Then, we neglect variables with only two levels, such as sex variable.

Data Splitting

For KNN, we need to split data into the main data and label data.

heart2_train <- heart2[id,1:23]
heart2_test <- heart2[-id,1:23]

heart2_train_label <- heart2[id,24]%>% as.factor()
heart2_test_label <- heart2[-id,24] %>% as.factor()

Then, we need to scale the data as the scale from each variables are different.

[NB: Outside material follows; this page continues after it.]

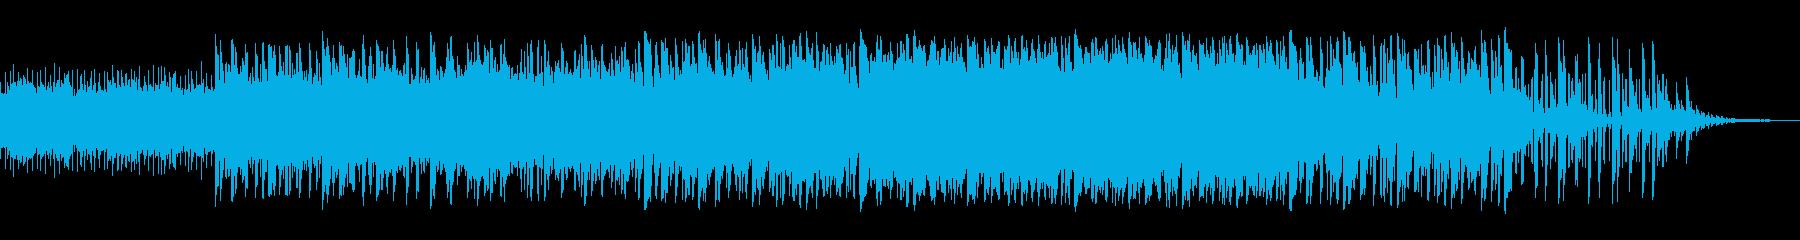 SFゲームなBGMの再生済みの波形

heart2_train <- scale(heart2_train[,1:23])
heart2_test <- scale(heart2_test[,1:23],
                     center = attr(heart2_train, "scaled:center"), 
                     scale = attr(heart2_train, "scaled:scale"))

Prediction with KNN

sqrt(nrow(heart2_train))

## [1] 14.56022

Before modeling, we need to define the value of K. From the formula above, here we get the value of 15.

library(class)
pred.knn.train <- knn(train = heart2_train, test= heart2_train, cl=heart2_train_label, k=15)

pred.knn.test <- knn(train = heart2_train, test= heart2_test, cl=heart2_train_label, k=15)

Evaluation

Logistic Regression

Preparation

We put the predict value from the model into our data, heart_train and heart_test.

heart_test$pred.Target <- predict(model.b, heart_test, type = 'response')

heart_train$pred.Target <- predict(model.b, heart_train, type = 'response')

Tuning Cutoff

performa <- function(cutoff, prob, ref, postarget, negtarget) 
{
  predict <- factor(ifelse(prob >= cutoff, postarget, negtarget))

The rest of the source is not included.